One blue day is all it takes for me to start worrying that I’m relapsing into acute depression. This morning I woke up and felt the tugging sensation of low mood deep in my chest before I’d even opened my eyes. It’s a feeling that always accompanies my depression, as if I’ve swallowed a stone and it’s sitting inside me, heavy and indigestible. It replicates how it feels after something terrible has happened – a bereavement, a relationship break-up – so this morning I lay still for a while trying to remember what the terrible thing might be, before I realised that there is nothing. I feel miserable and there is no “reason” that I can identify. During the past few weeks, my days have felt too short to accommodate all that I want to achieve, but today feels frighteningly empty, stretching out ahead of me. That’s when the thought pops into my mind: oh, no, here we go again.
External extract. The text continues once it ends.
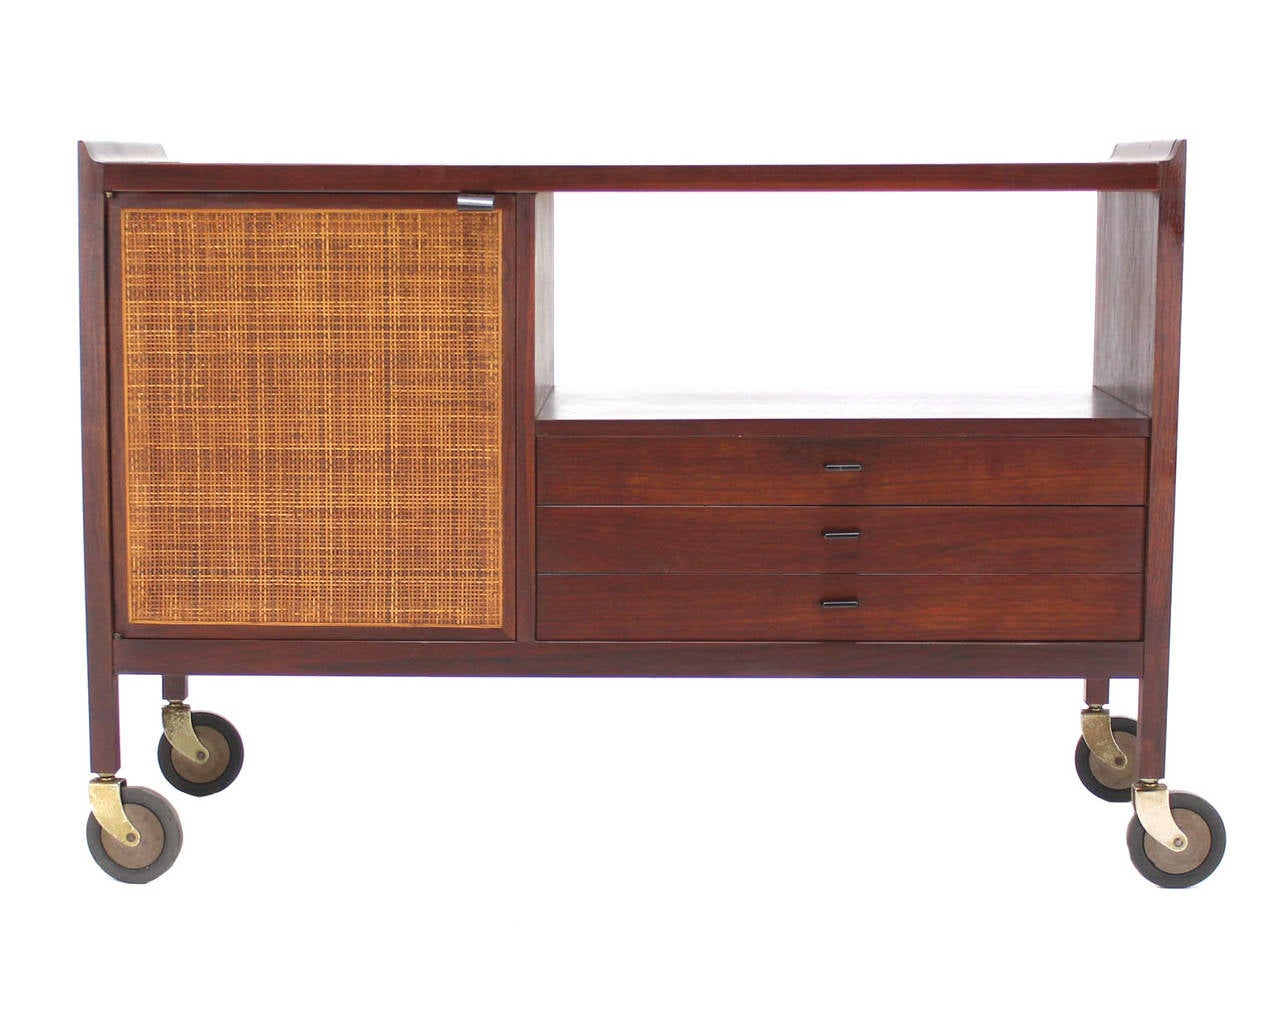 Very nice mid-century modern bar cart cabinet on wheels.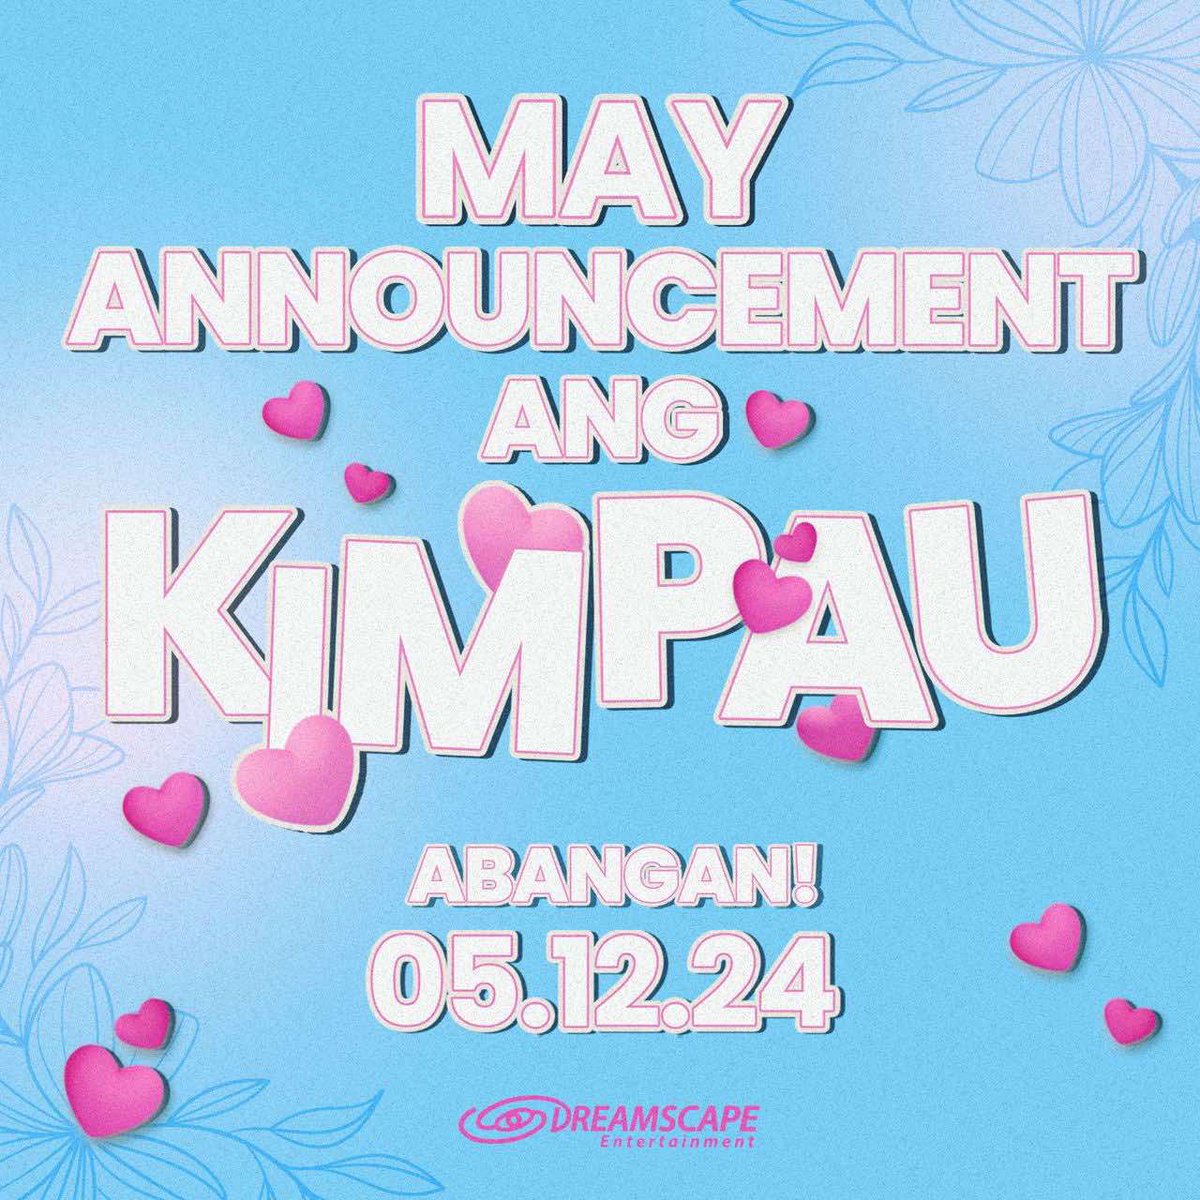 OMG!! Ano kayang meron?? 😱😱 Abangan this 05.12.24 💜 #KimPauAnnouncement #KimPau

I’ve had plenty of exposure to cognitive techniques – I use them all the time at work with clients, for goodness sake. I know what I’m supposed to do to control the worry and challenge depressive thinking. Panicked Me is yelling, “You see this? This is just how I felt last time when I was beginning to get depressed. I thought I was past that, but it’s back again, I’m getting ill!” I look to Sensible Me, to see what my Wise Mind has to say about it. Sensible Me is always full of good advice, and today is no exception. “Don’t get carried away! This is just one low day. On the scale of things, your mood’s not even that low. This is absolutely just a blip. You’ll probably be fine tomorrow.”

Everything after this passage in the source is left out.